Яр не ответил. Она что-то злое сказала себе под нос и устало отбросила со лба огненные пряди. Должно, очень спешила.
– Чёртовы пробки… Эй! Я здесь! Мальчик, иди сюда!..
Она остановилась среди деревьев, принялась озираться. Волосы у неё были убраны не в косу, а в тугой узел на затылке, будто она хотела их спрятать. Странная. Но Драган наказывал её слушаться… Решившись, Яр осторожно выступил из-за дерева. Женщина резко обернулась на шорох. Лицо у неё было будто бы молодое, но никак не верилось, что ей мало лет. Должно, какая-нибудь особая волшба не даёт ей стариться.
– Вот чёрт… Напугал! – она притворно улыбнулась и опять смахнула со лба волосы. Яр никак не мог понять по её лицу, что у неё на душе. – Иди сюда, не бойся. Леший побери, как ты ухитрился так далеко уйти от разлома?
Не хотелось ей отвечать. Странные слова волхвицы Яр понимал с трудом; выговор у неё был твёрже и быстрее, чем он привык. Придвинувшись ещё на шаг, чтоб не приходилось кричать, он свёл руки за спиной – смотри, мол, не собираюсь на тебя нападать – и осторожно спросил:
– Как тебя по имени, мудрая?
Она опешила, будто не ждала таких слов, но ответила, потому что не могла иначе.
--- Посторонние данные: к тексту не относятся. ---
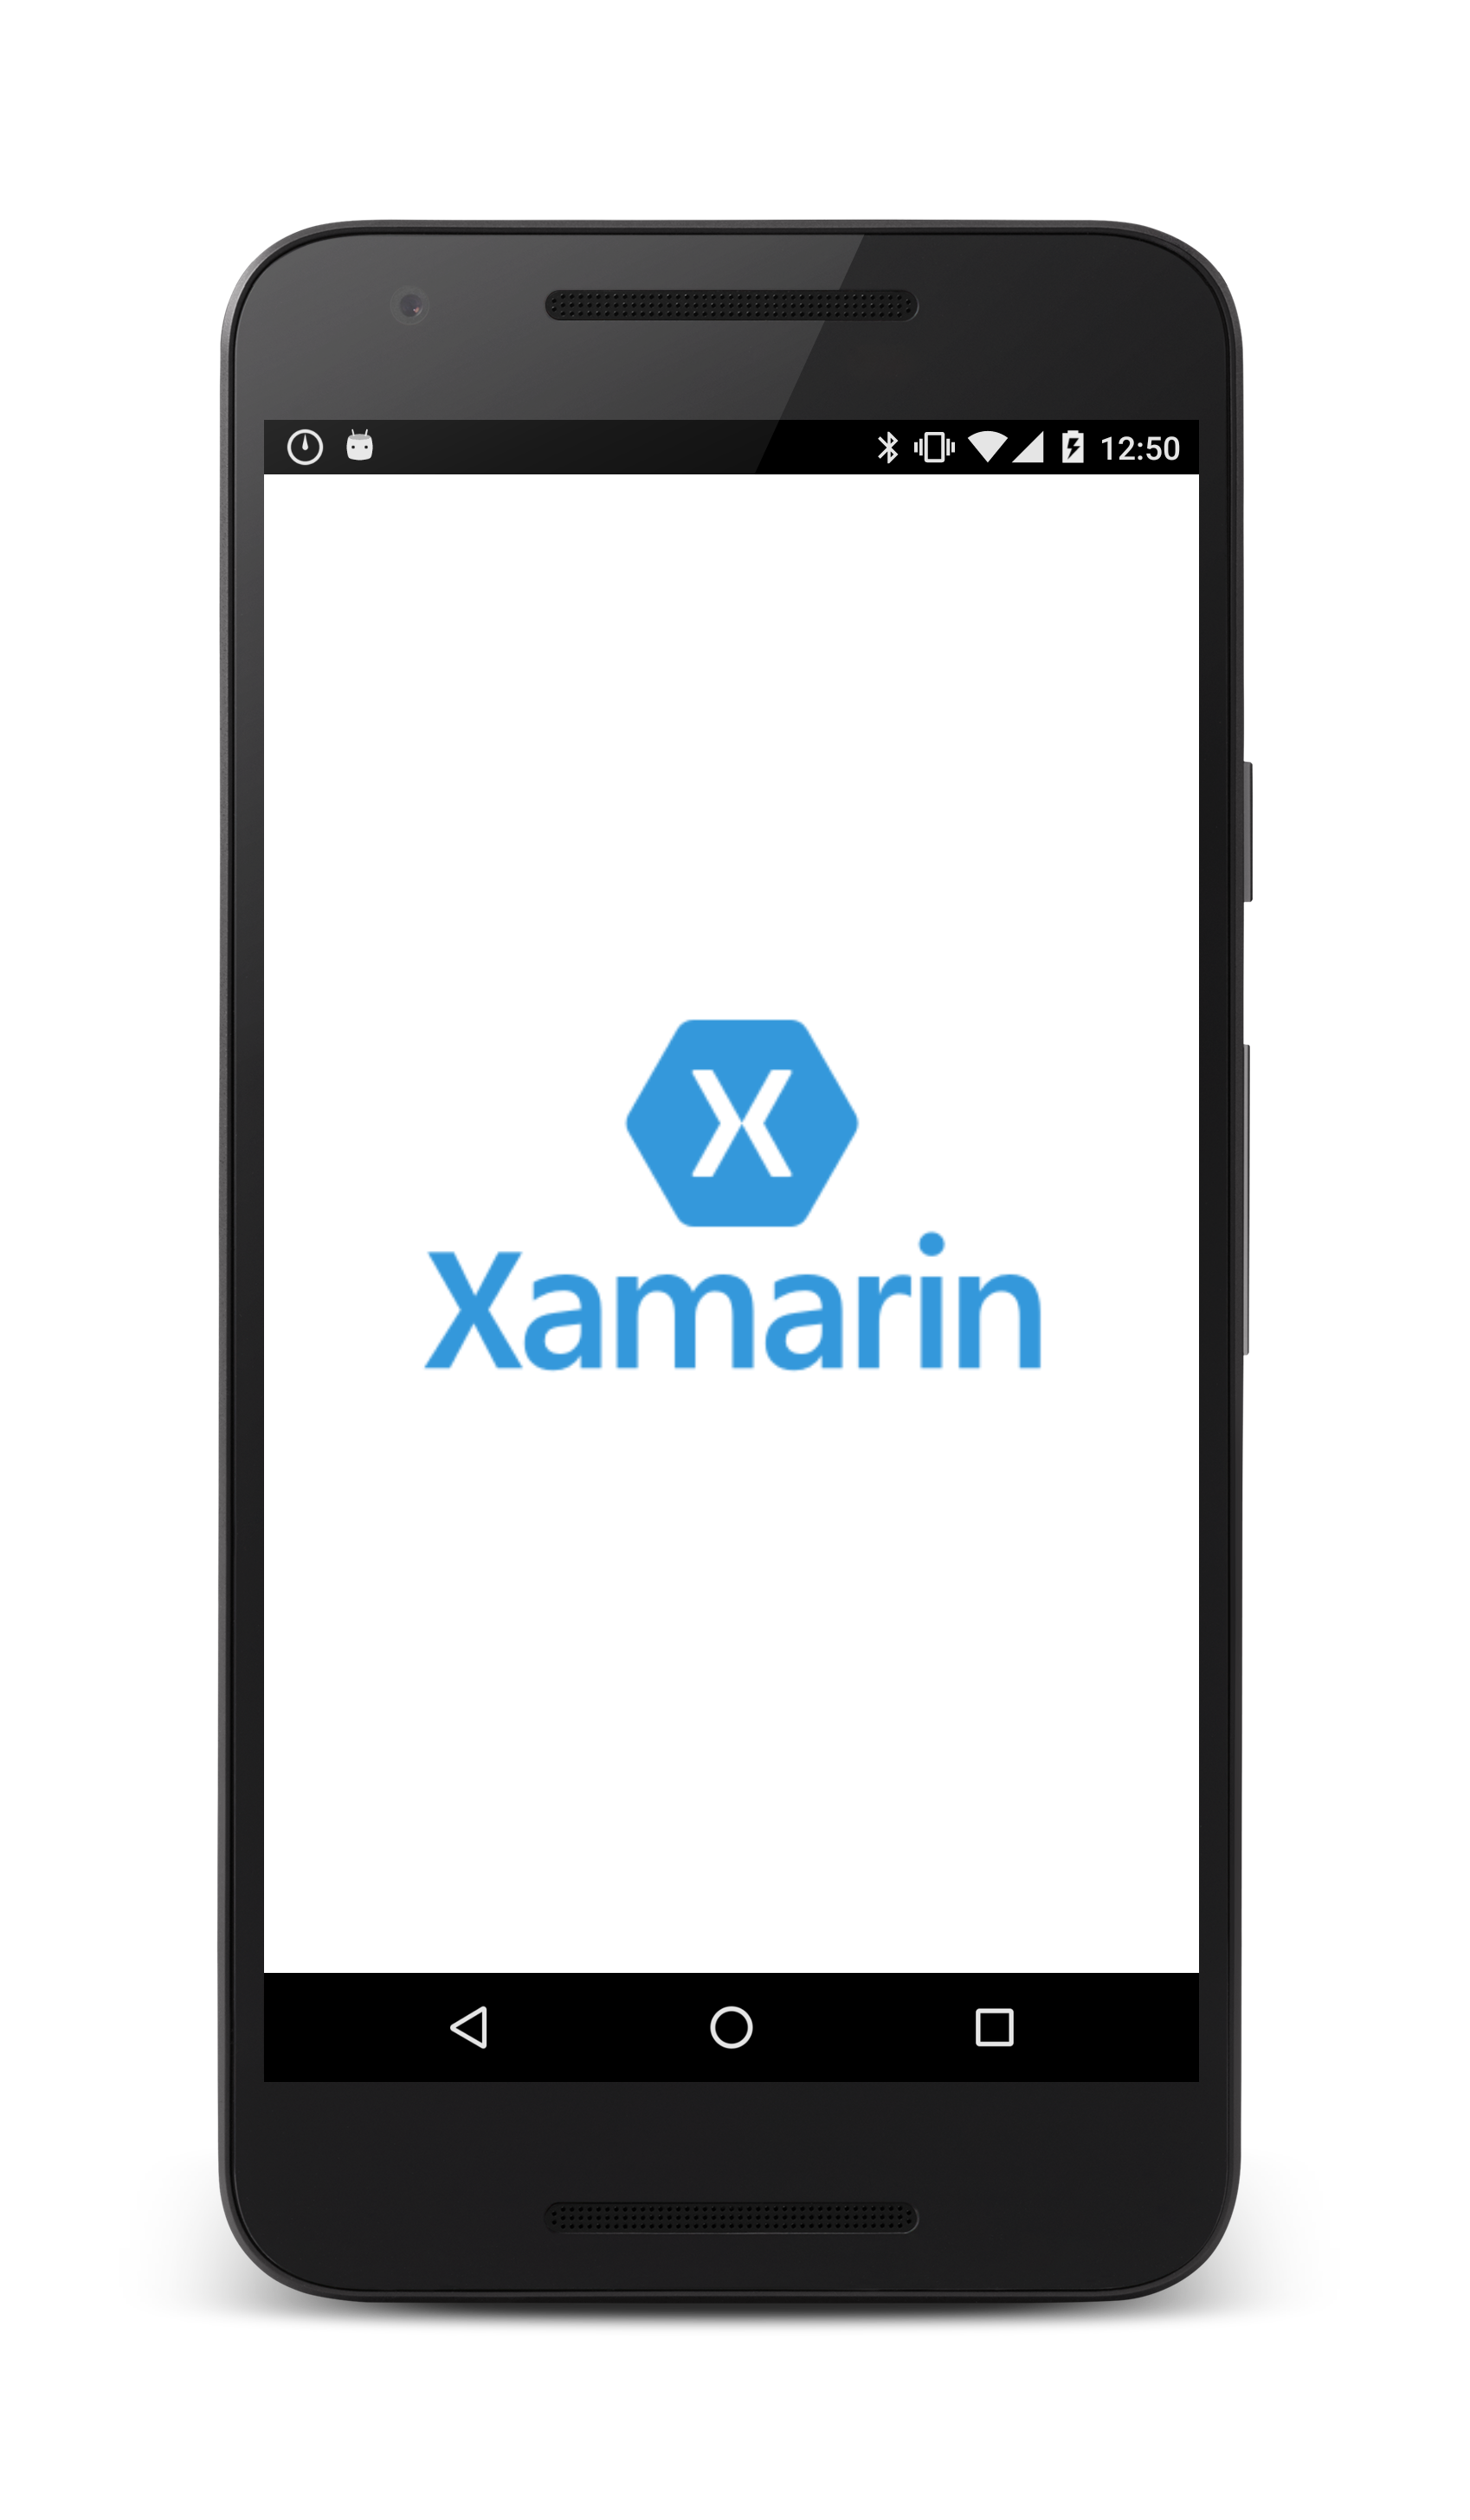 Xamarin logo splash screen

– Лидия. Меня зовут Лидия Николаевна Свешникова. Запомни, пожалуйста.
Диковинное имя. В Ильгоде таких не бывает. Надо ей ответить, как подобает, раз уж выспросил имя, а с ним и право позвать в трудный миг.
– Меня по имени – Яр, – сказал он. – Как волхвом стану, буду зваться Зарецким.
– Очень приятно, – зачем-то сказала волхвица по имени Лидия. Наморщила лоб, словно что-то припоминала, и спросила: – Выходит, ты родился весной?
Яр кивнул. Вестимо, весной. В другое время другие имена дают.
– Понятно… – Лидия вдруг встрепенулась, будто пытаясь согреться посреди зимнего холода. – Пойдём-ка отсюда. Тут не самое лучшее место для беседы, так что поговорим в машине, хорошо?
Яр не понял и половины её стремительных слов, но ведь Драган велел во всём ей повиноваться, пусть и не брал в том клятвы. Лидия шла через лес осторожно, то и дело оглядываясь, будто волновалась, что с Яром что-нибудь случится. Холодная черта осталась уже далеко позади, а с нею вместе – и схлынувшая боль. Пробуя силы, Яр зажёг в ладони крохотный язычок пламени; чары подчинились неохотно, то ли из-за слабости, то ли мешала близость края мира. Лидия, приметив волшебный огонь, нахмурила прямые яркие брови.